On Fri, Aug 13, 2010 at 6:24 AM, Jonathan Ellis <jbellis@gmail.com> wrote:
>>
>> This is simply not an acceptable alternative and just can't be called
>> handling it "well".
>
> What part is it handling poorly, at a technical level? This is almost
> exactly what 1072 does internally -- we are concerned here with the
> high write, low read volume case.
>
Requiring clients directly manage the counter rows in order to
periodically compress or segment them. Yes, you can emulate the
behavior. No, that is not handling it well.
>> It is equivalent to "make the users do it", which
>> is the case for almost anything.
>
> I strongly feel we should be in the business of providing building
> blocks, not special cases on top of that. (But see below, I *do*
> think the 580 version vectors is the kind of building block we want!)
>
I agree, 580 is really valuable and should be in. The problem for
high write rate, distributed counters is the requirement of read
before write inherent in such vector-based approaches. Am I missing
some aspect of 580 that precludes that?
>> The reasons #1072 is so valuable:
>>
>> 1) Does not require _any_ user action.
>
> This can be addressed at the library level. Just as our first stab at
> ZK integration was a rather clunky patch; "cages" is better.
>
Certainly, but it would be hard to argue (and I am not) that the
tightly synchronized behavior of ZK is a good match for Cassandra
(mixing in Paxos could make for some neat options, but that's another
debate...).
>> 2) Does not change the EC-centric model of Cassandra.
>
> It does, though. 1072 is *not* a version vector-based approach --
> that would be 580. Read the 1072 design doc, if you haven't. (Thanks
> to Kelvin for writing that up!)
>
Nor is Cassandra right now. I know 1072 isn't vector based, and I
think that is in its favor _for this application_.

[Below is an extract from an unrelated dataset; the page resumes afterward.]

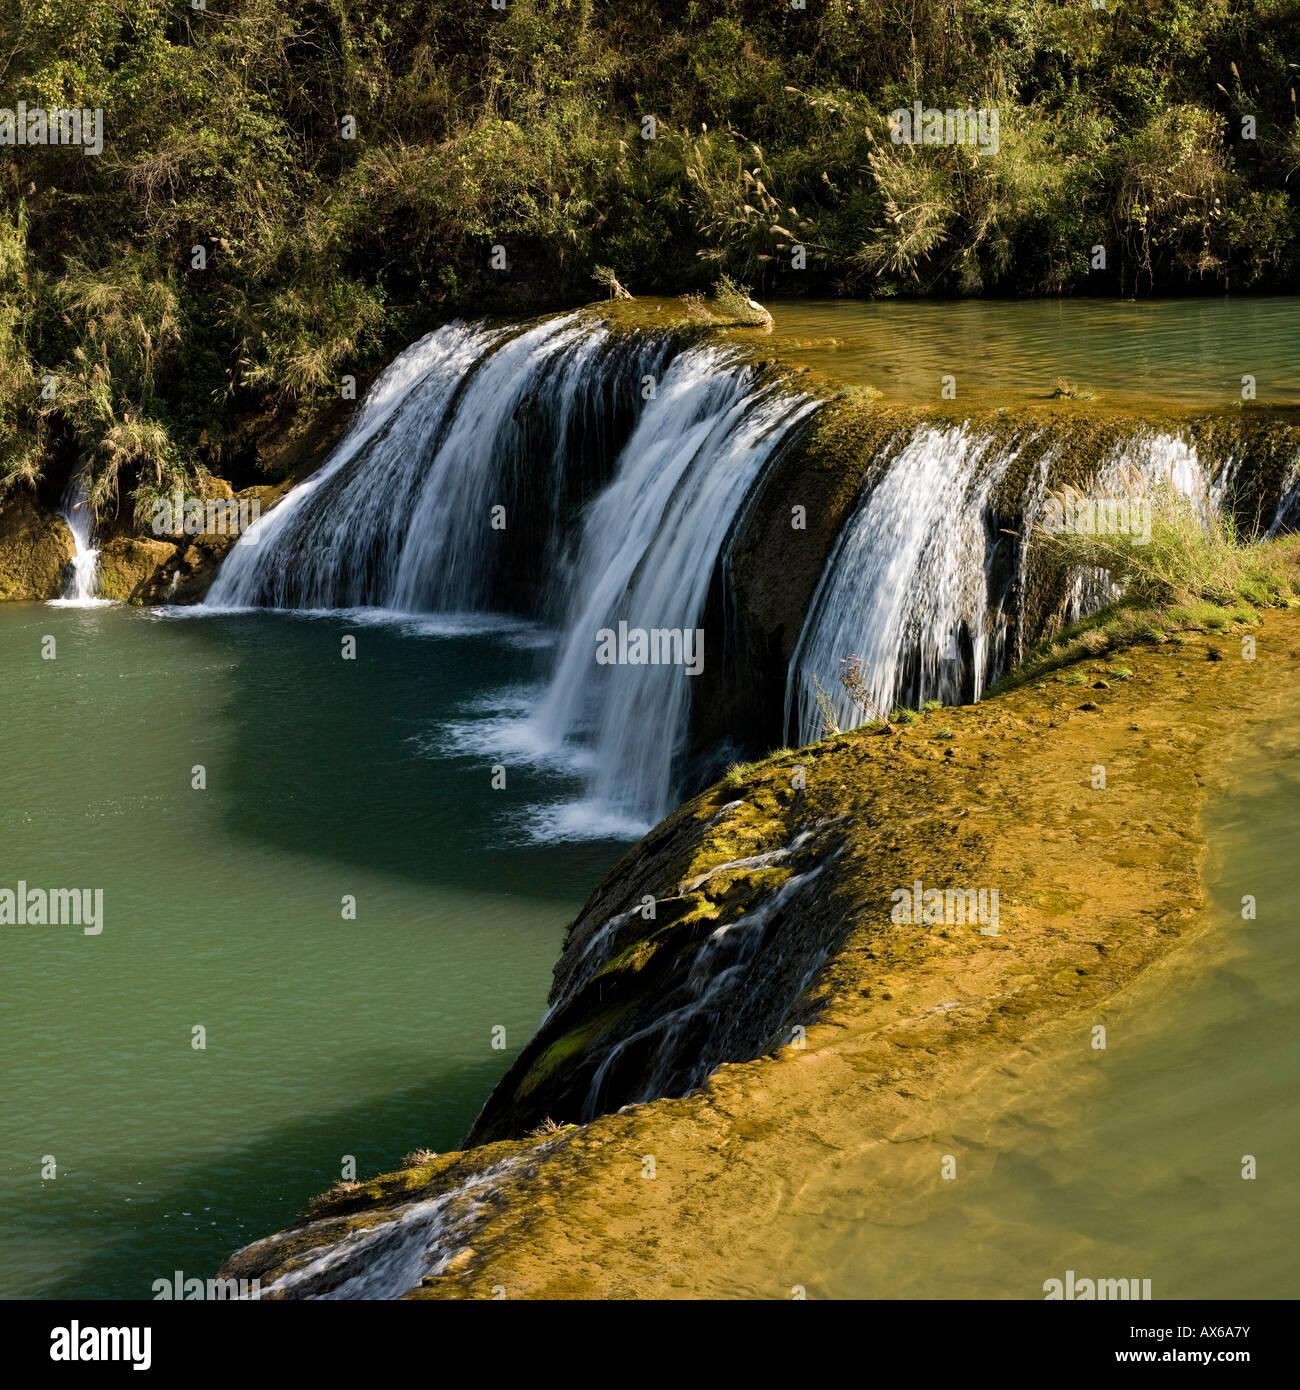 Upper cascades of Jiulong (Nine Dragons) waterfall Yunnan, China - Stock Image

> I'm referring in particular to reads requiring CL.ALL. (My
> understanding is that in the previous design, a "master" replica was
> chosen and was always written to first.) Both of these break "the
> EC-centric model" and that is precisely the objection I made when I
> said "ConsistencyLevel is not respected." I don't think this is
> fixable in the 1072 approach. I would be thrilled to be wrong.
>
It is EC in that the total for a counter is unknown until resolved on
read. Yes, it does not respect CL, but since it can only be used in 1
way, I don't see that as a disadvantage.
>>> The second is that the approach in 1072 resembles an entirely separate
>>> system that happens to use part of Cassandra infrastructure -- the
>>> thrift API, the MessagingService, the sstable format -- but isn't
>>> really part of it. ConsistencyLevel is not respected, and special
>>> cases abound to weld things in that don't fit, e.g. the AES/Streaming
>>> business.
>>
>> Then let's find ways to make it as elegant as it can be. Ultimately,
>> this functionality needs to be in Cassandra or users will simply
>> migrate someplace else for this extremely common use case.
>
> This is what I've been pushing for. The version vector approach to
> counting (i.e. 580 as opposed to 1072) is exactly the more elegant,
> EC-centric approach that addresses a case that we *don't* currently
> handle well (counters with a higher read volume than 1072).
>
Perhaps I missed something: does counting 580 require read before
counter update (local to the node, not a client read)?
b
|